───── Material for this task
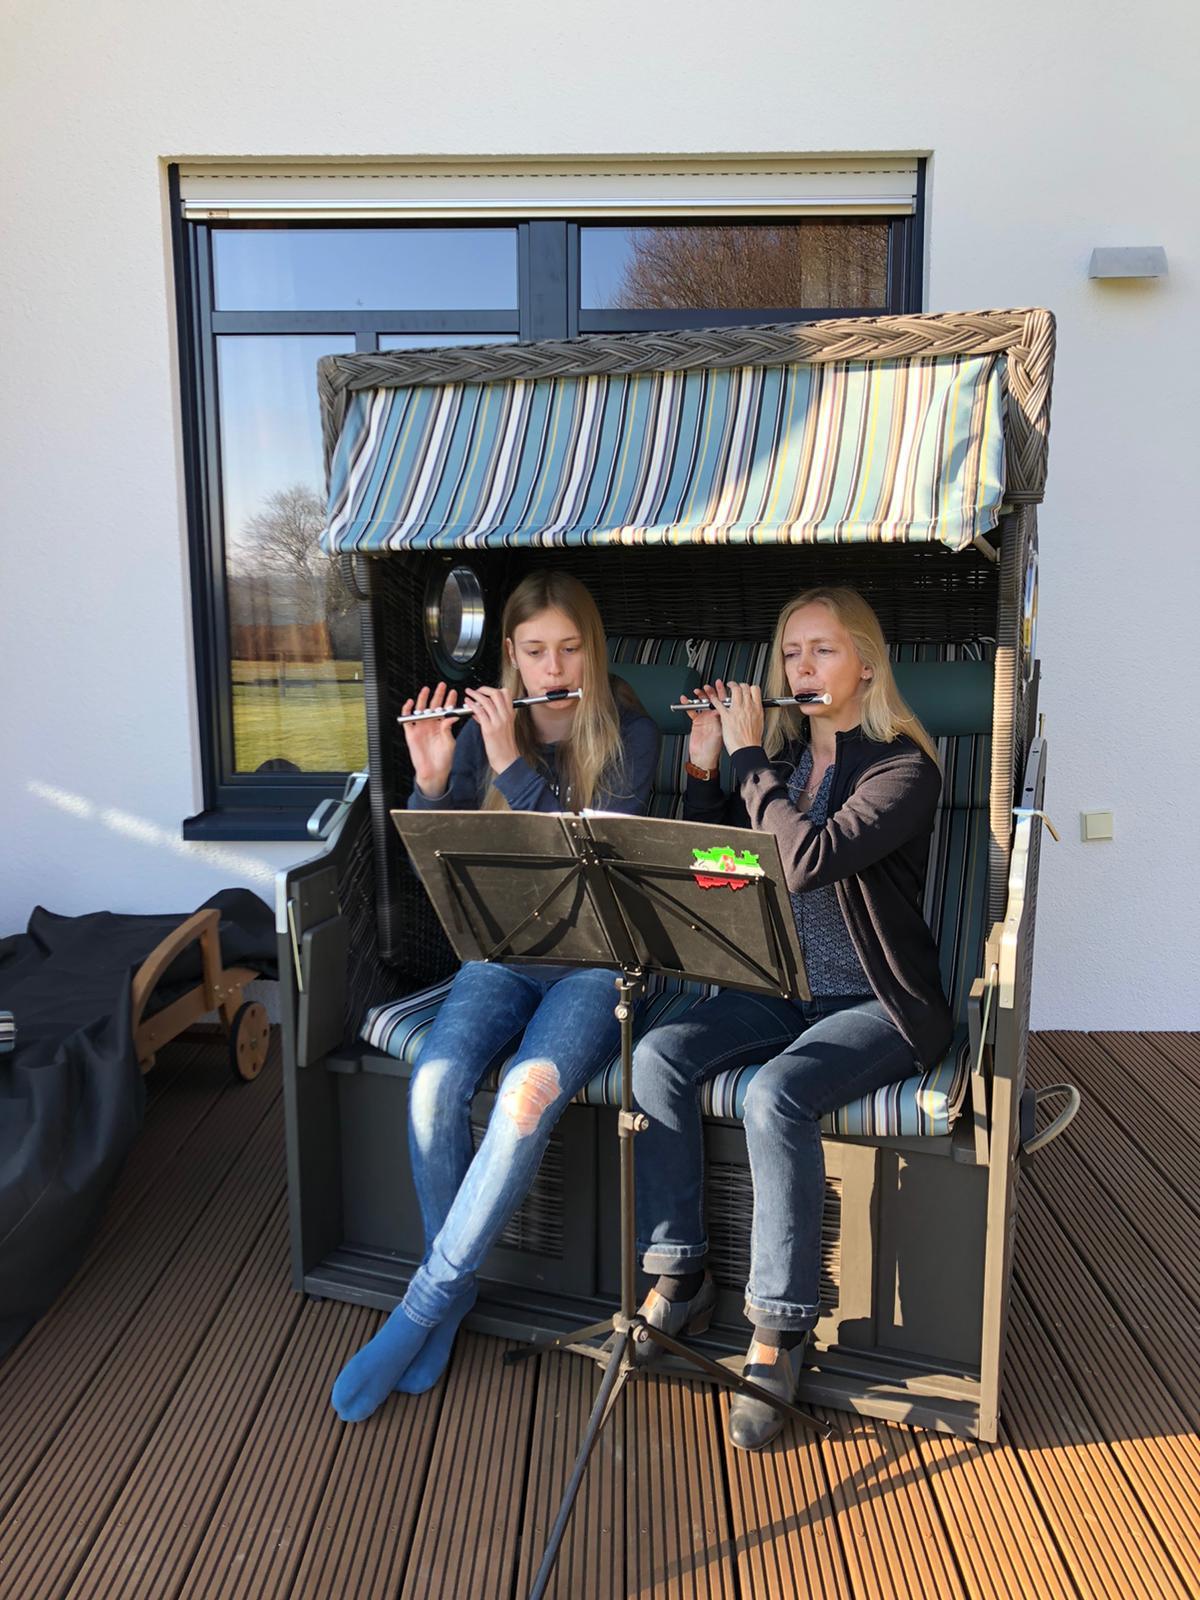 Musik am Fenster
──────────
───── Material for this task
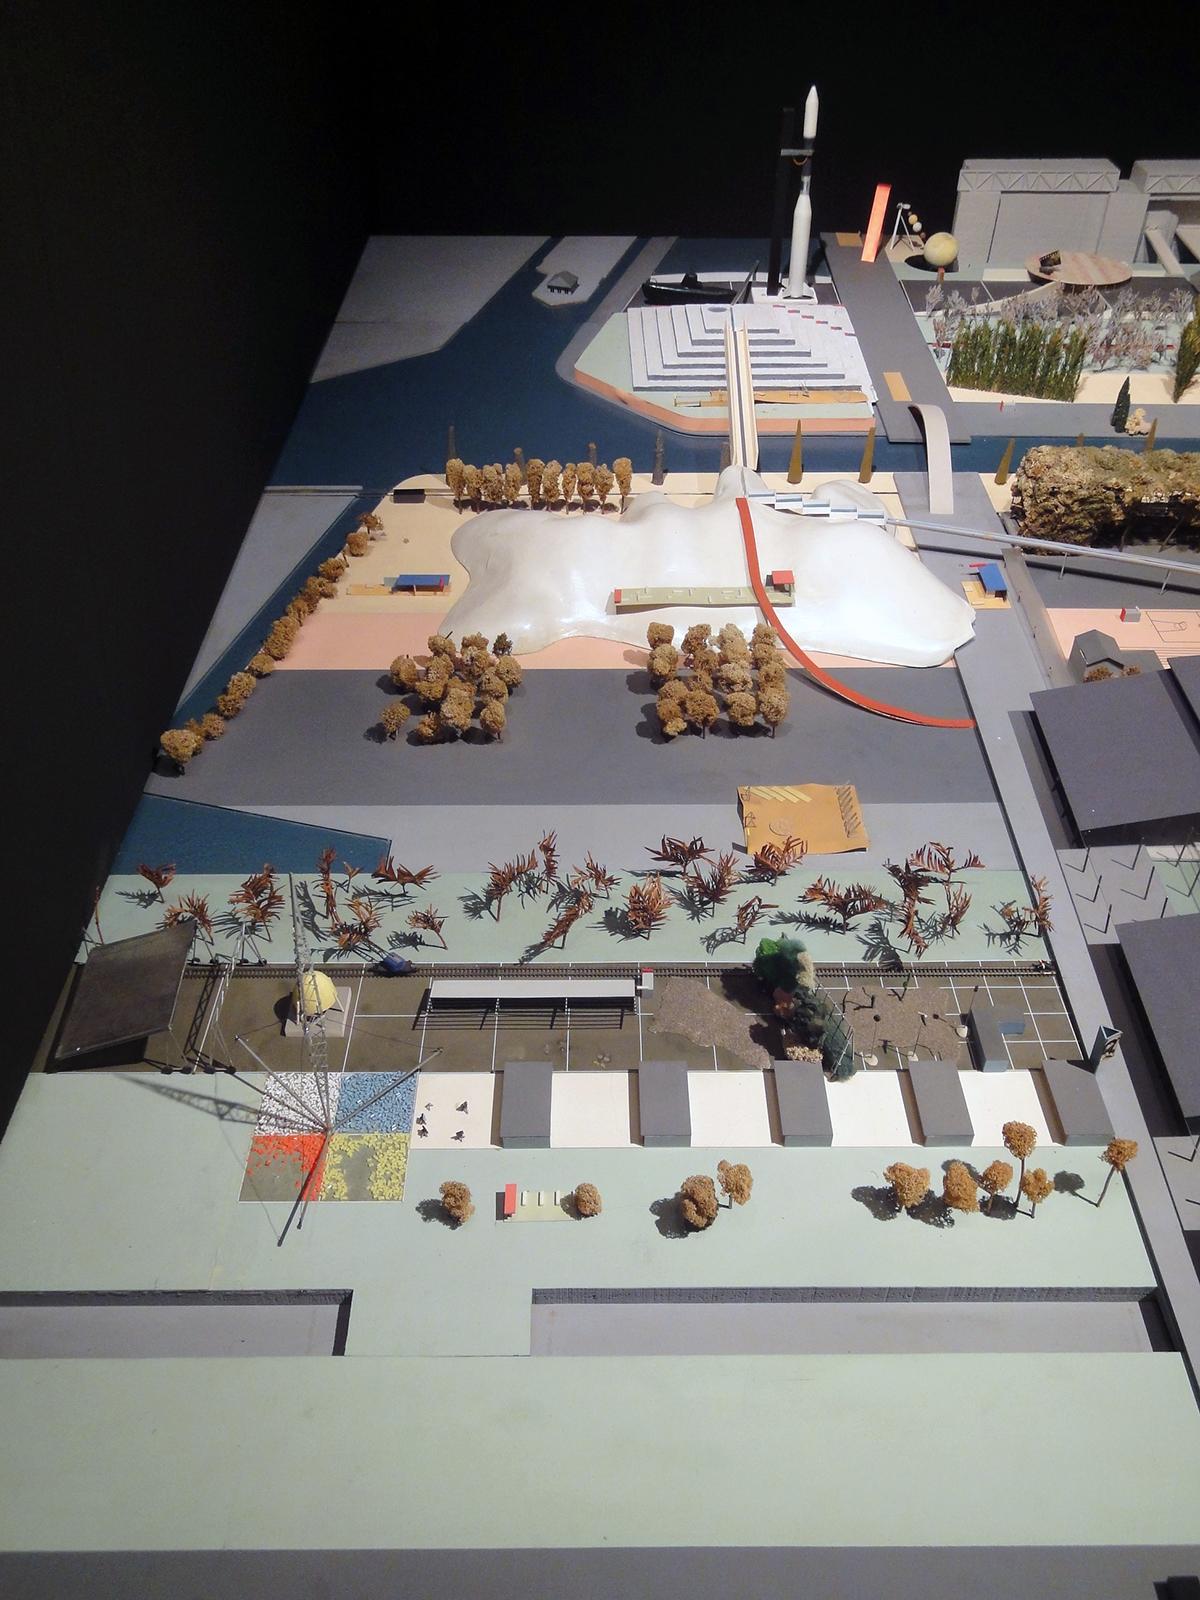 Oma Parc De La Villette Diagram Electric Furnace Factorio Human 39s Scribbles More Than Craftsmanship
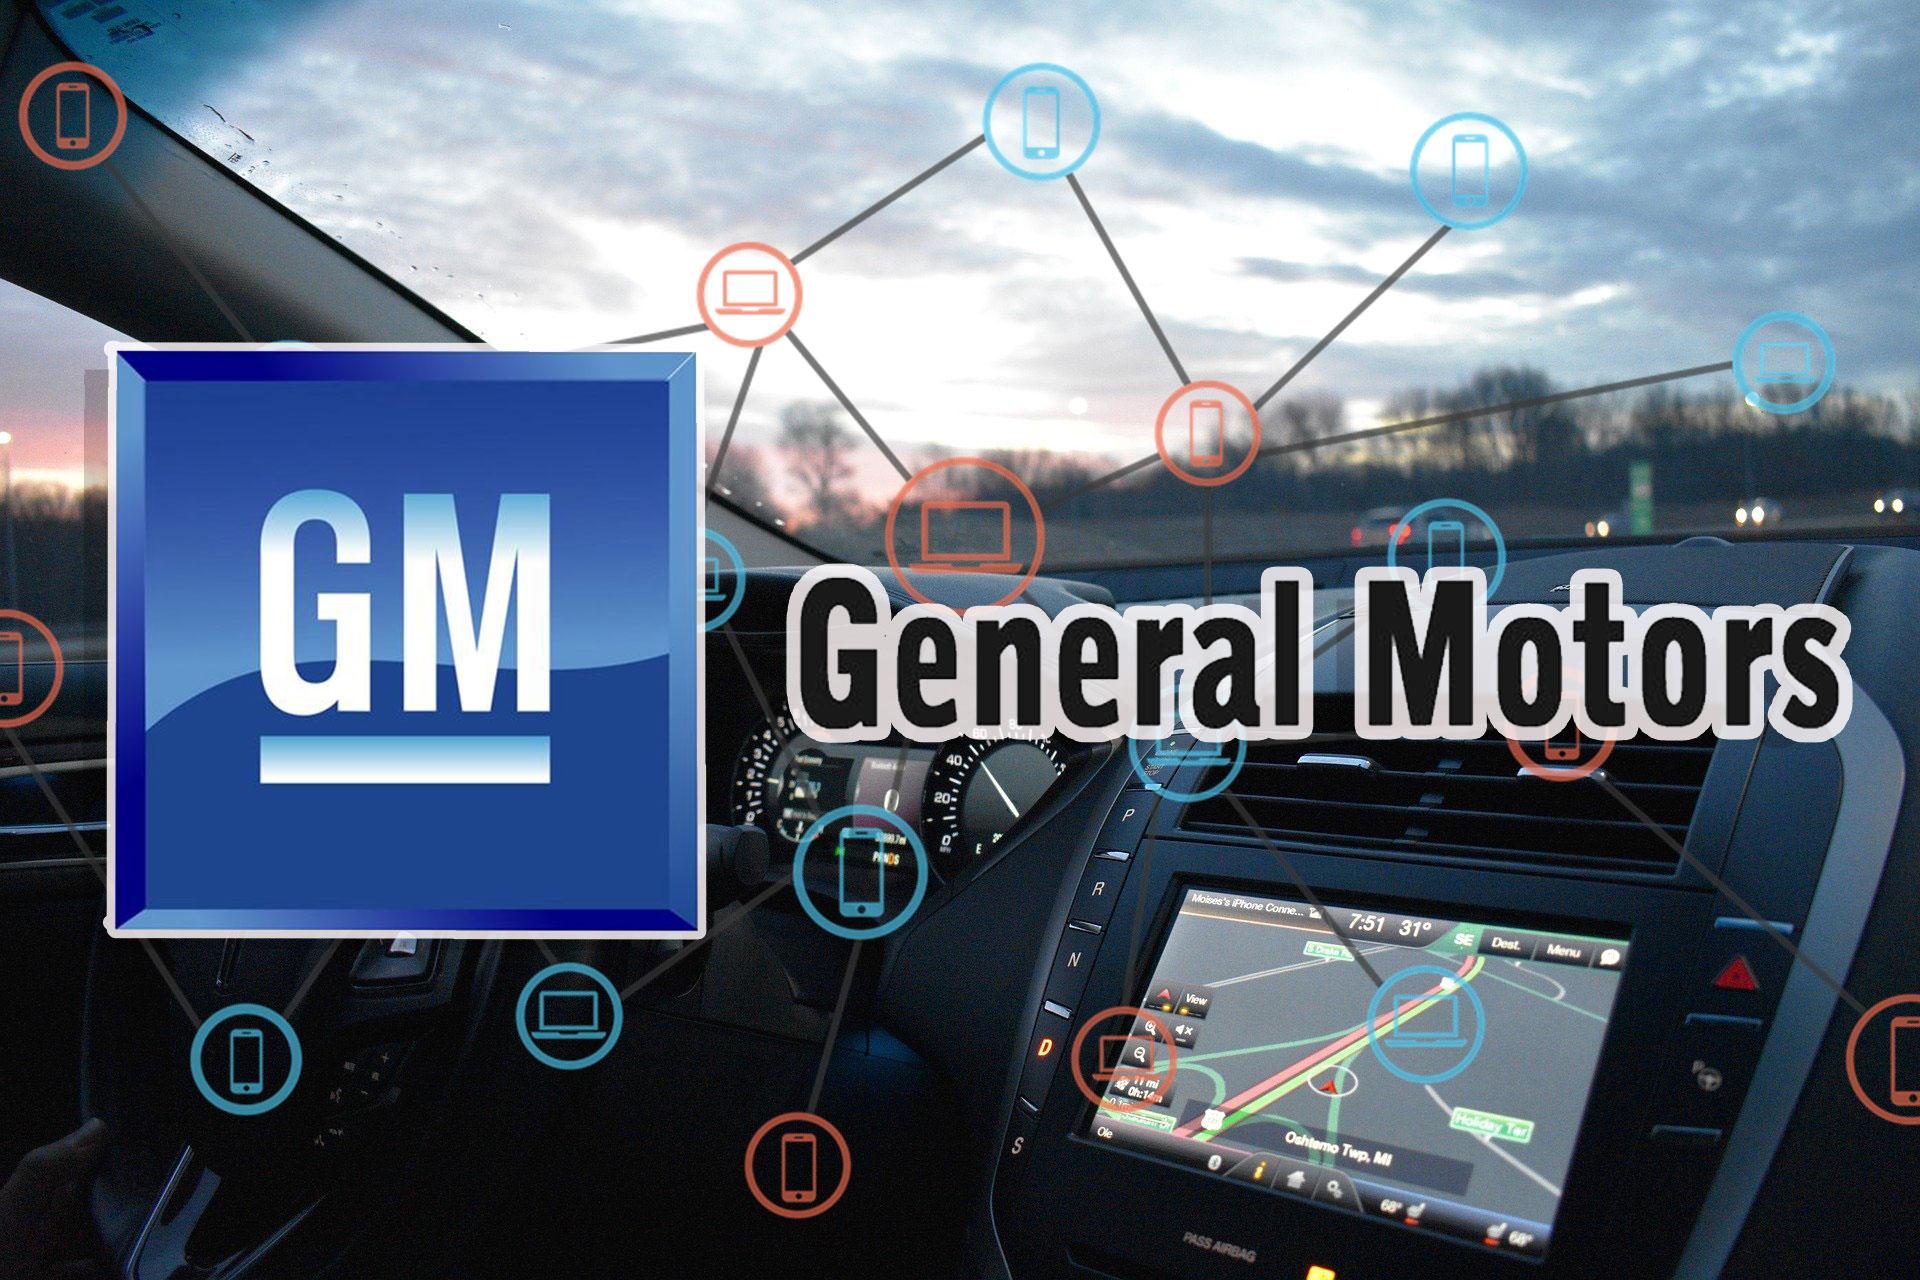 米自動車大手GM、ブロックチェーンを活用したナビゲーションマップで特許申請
──────────
* **Work item**:
Using the entries above, transcribe exactly from the line that has "Oma Parc De" through the line that has "米自動車大手GM、ブロックチェーンを活用したナビゲーションマップで特許申請". Pictures are dropped.

* **Task output**:
 Oma Parc De La Villette Diagram Electric Furnace Factorio Human 39s Scribbles More Than Craftsmanship
 米自動車大手GM、ブロックチェーンを活用したナビゲーションマップで特許申請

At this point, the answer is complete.